Indian Pediatr 2015;52: 373-374
Newborn Screening in India
S Sachidananda Kamath
National President, Indian Academy of Pediatrics,
ewborn screening for common metabolic and genetic
disorders should be an integral part of neonatal care as early detection
and treatment can help prevent intellectual and physical defects and
life threatening illnesses . The list of conditions for which
screening is carried out differs from country to country, based on the
prevalence of the condition and available resources. Universal screening
for about 40 to 50 metabolic disorders is mandatory in US, Europe and
many other countries across the world. Though universal screening is a
cost-intensive exercise, the benefits far exceed the cost as it helps in
reducing the mortality and morbidity of these diseases. In 1968, Wilson
and Jungner  proposed the following criteria for inclusion of a
condition in screening: (i) condition should have an important
health problem/frequency; (ii) test should be acceptable to the
population (reliable/simple); (iii) disease does not manifest at
birth/ routine examination; (iv) treatment will prevent mortality
and morbidity; (v) delay in diagnosis will cause irreversible
damage; and (vi) screening is cost-effective.
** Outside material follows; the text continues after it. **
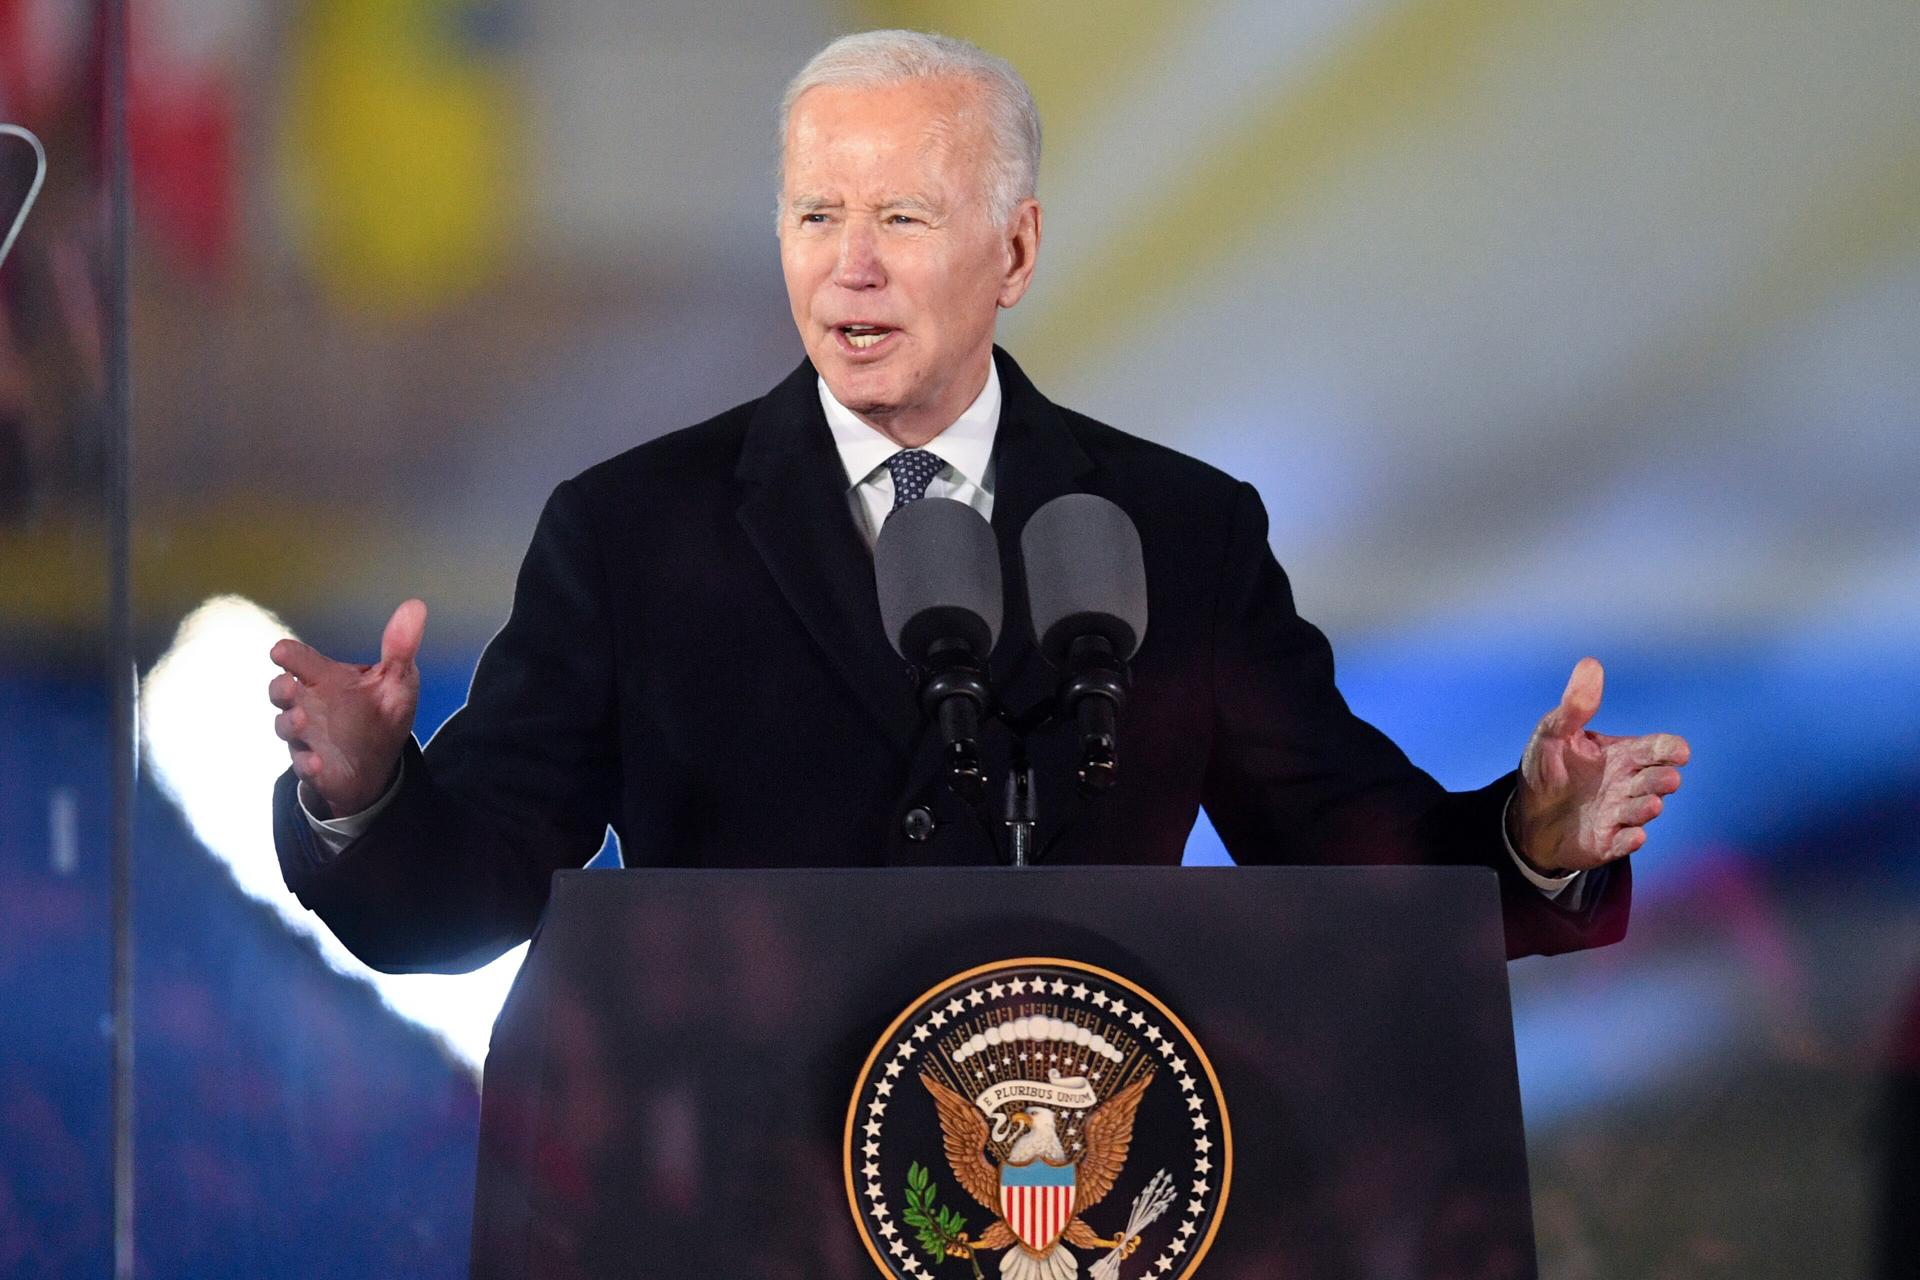 Biden asegura que Putin ha cometido un “gran error” con la suspensión de tratado nuclear

The conditions for which neonatal screening has been
proposed in Indian scenario include hearing loss, congenital
hypothyroidism, congenital adrenal hyperplasia (CAH) and
glucose-6-phosphate dehydrogenase (G6PD) deficiency [3-10]. Hearing loss
has a high incidence, and if not corrected before 6 months of age,
may lead to permanent hearing and speech impairment. Congenital
hypothyroidism also has a high incidence and is the most
important preventable cause of intellectual disability. Congenital
adrenal hyperplasia. If undetected at birth, can result in mortality,
morbidity or genital abnormalities. G6PD deficiency has a relatively
high incidence in Northern parts of the country, and cost of testing is
affordable. Considering the prevalence of these conditions and huge
financial implications for universal screening for a developing country
like India, a practical approach will be to categorise the conditions as
Category A (all newborns): Screening for
congenital hypothyroidism and hearing should be a must in Indian
scenario. Screening for CAH and G6PD deficiency may be added in a phased
manner. G6PD screening should be done in Northern states of the country.
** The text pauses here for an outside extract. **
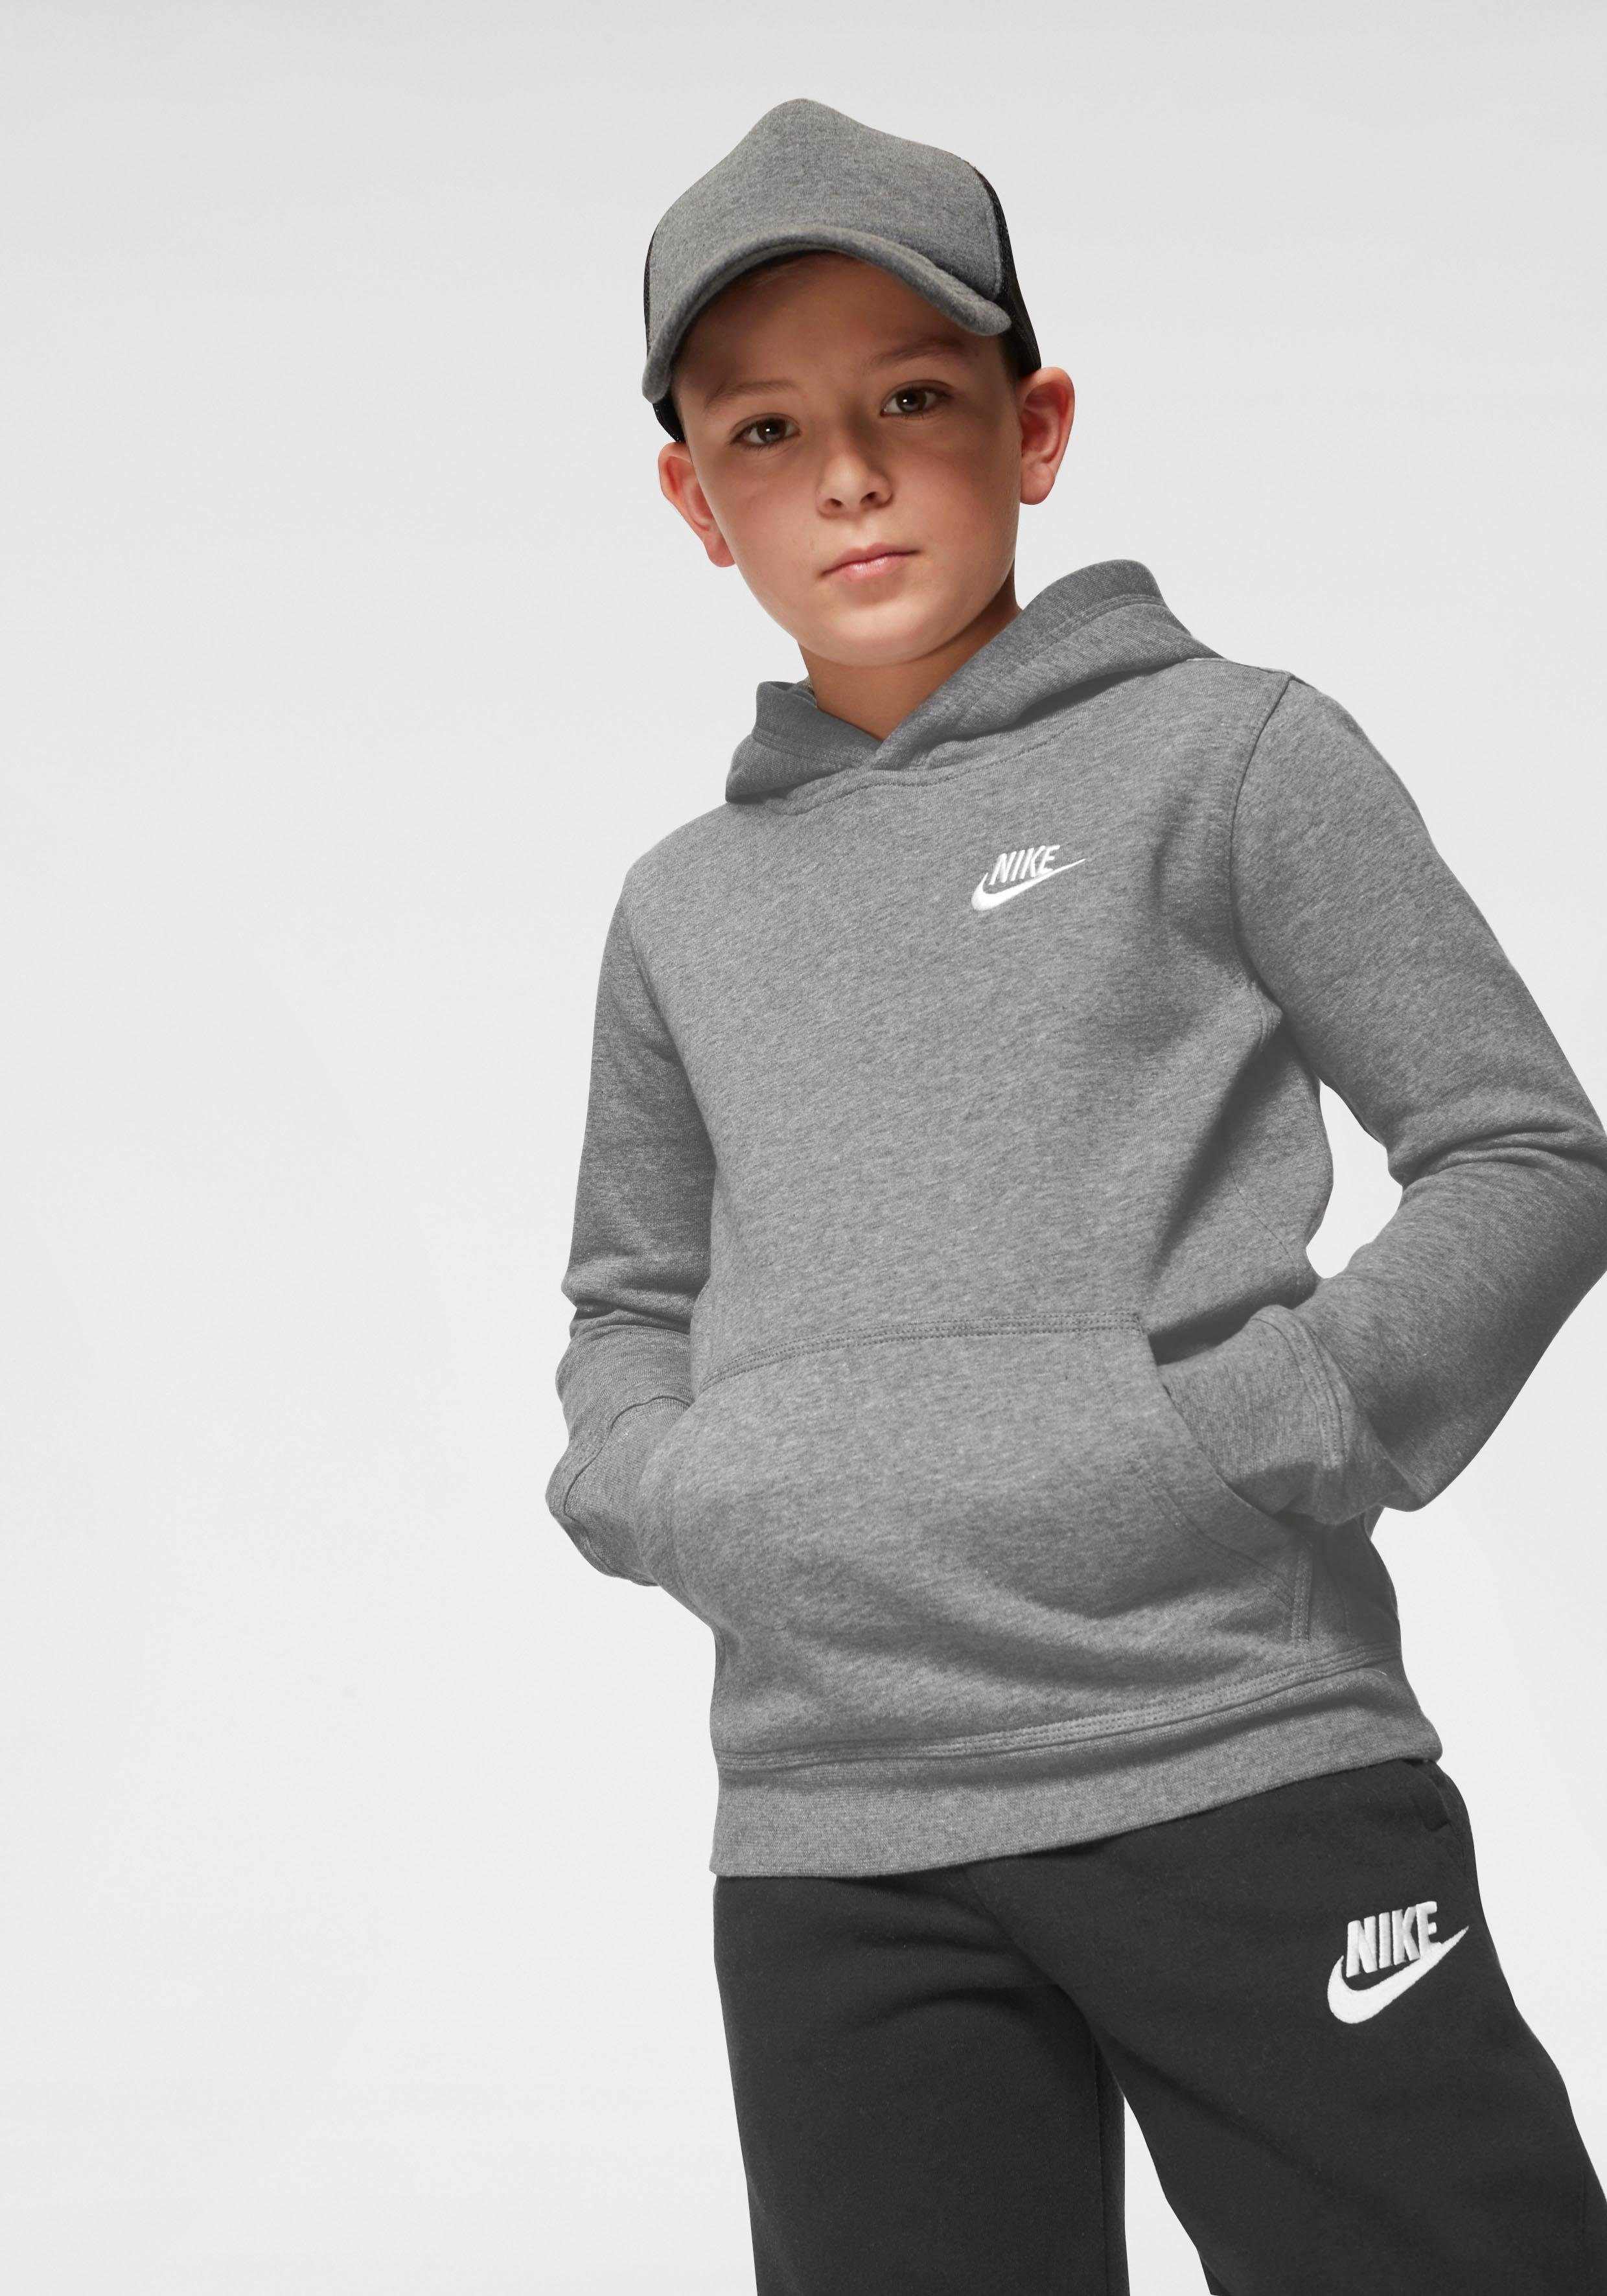 grau-meliert Kids' Nike Kapuzensweatshirt Pullover Hoodie Sportswear Big Club

Screening for Sickle cell disease and other hemoglobinopathies should be
undertaken in pockets of high incidence.
Category B (High risk screening): Screening for
the following disorders should be conducted in the high risk population
(consanguinity, previous children with unexplained intellectual
disability, seizure disorder, previous unexplained sibling deaths,
critically ill neonates, newborns/children with symptoms/
signs/investigations suggestive of inborn errors of metabolism). These
conditions include phenylketonuria, homocystinuria, alkaptonuria,
galactosemia, sickle cell anemia and other hemoglobinopathies, cystic
fibrosis, biotinidase deficiency, maple syrup urine disease,
medium-chain acyl-CoA dehydrogenase deficiency, tyrosinemia and fatty
acid oxidation defects.
Category C: Screening (in resource-rich
setting/expanded screening) for 30-40 inherited metabolic disorders may
be offered to ‘well-to-do’ families, especially in urban settings where
facilities for sending sample to laboratory are available.
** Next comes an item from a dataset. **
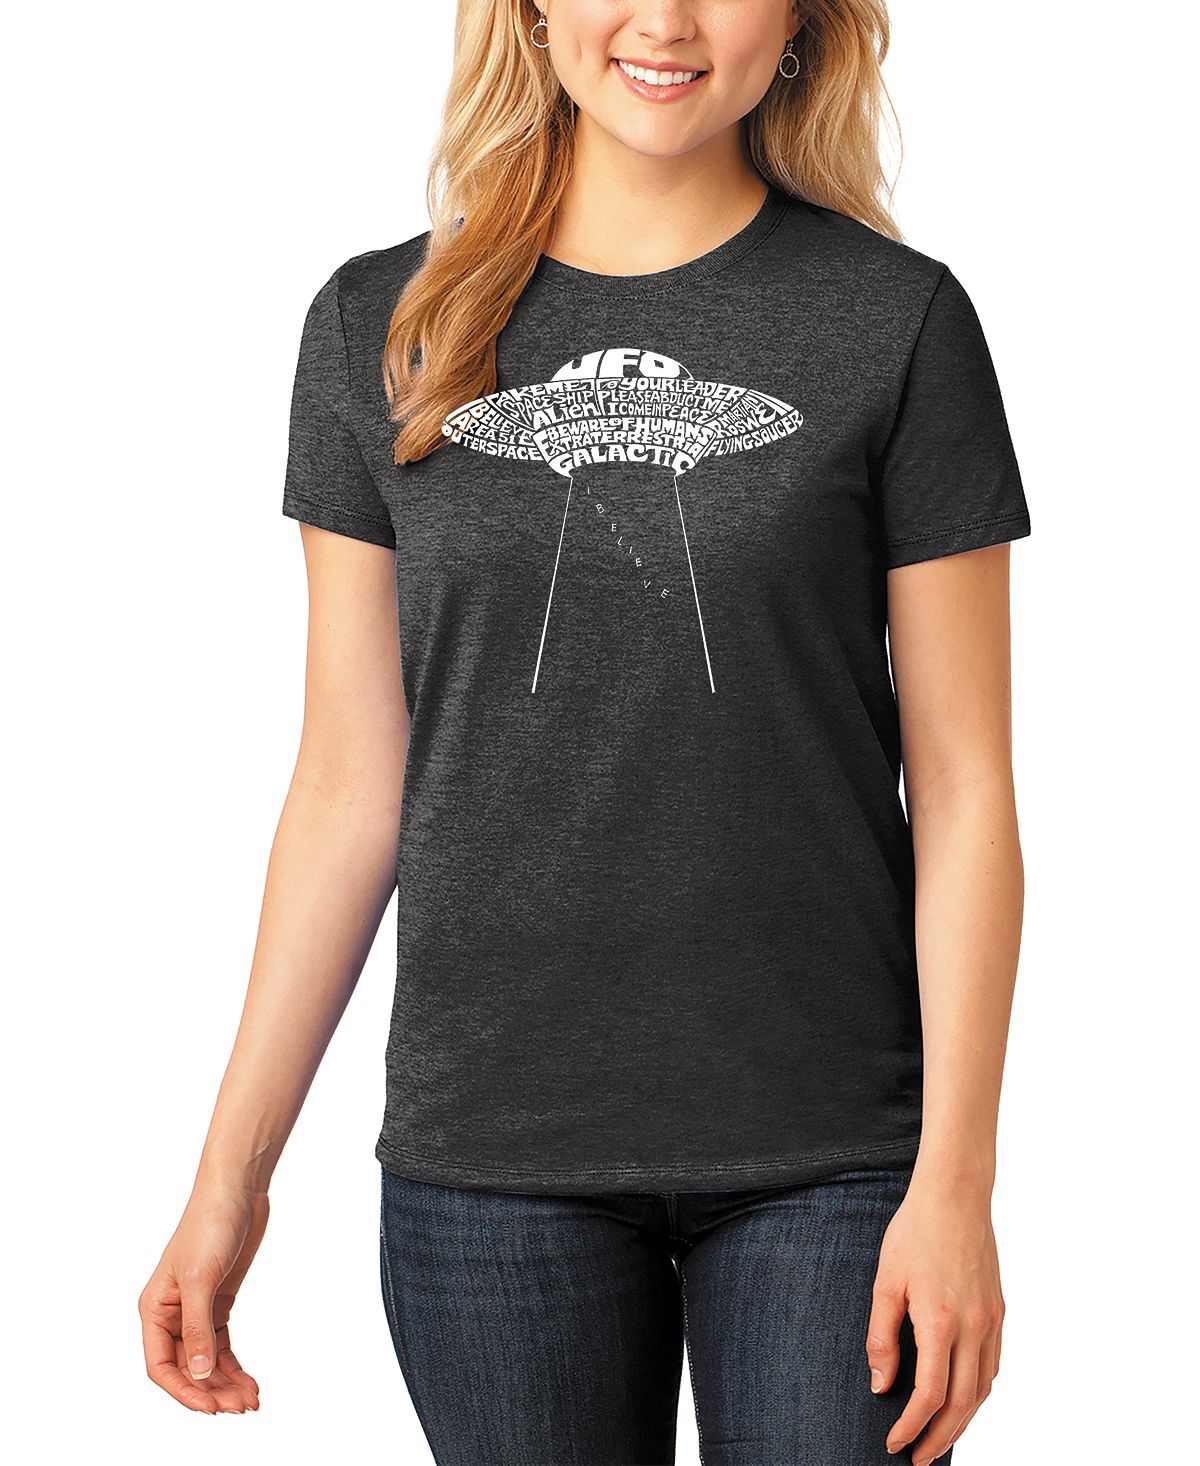 цена Женская футболка word art flying saucer ufo LA Pop Art, черный

India is going through a progressive transitional
phase of control over infant mortality and morbidity due to infections,
and emergence of genetic conditions.
The WHO has recommended that genetic
services should be introduced in countries with an infant mortality rate
(IMR) less than 50. India with an IMR of 40 should introduce newborn
screening and genetic services.
The Indian Academy of Pediatrics strongly
advocates inclusion of newborn screening in our
public health policy, and will
offer its technical and logistic inputs to the
Government of India for initiating this program.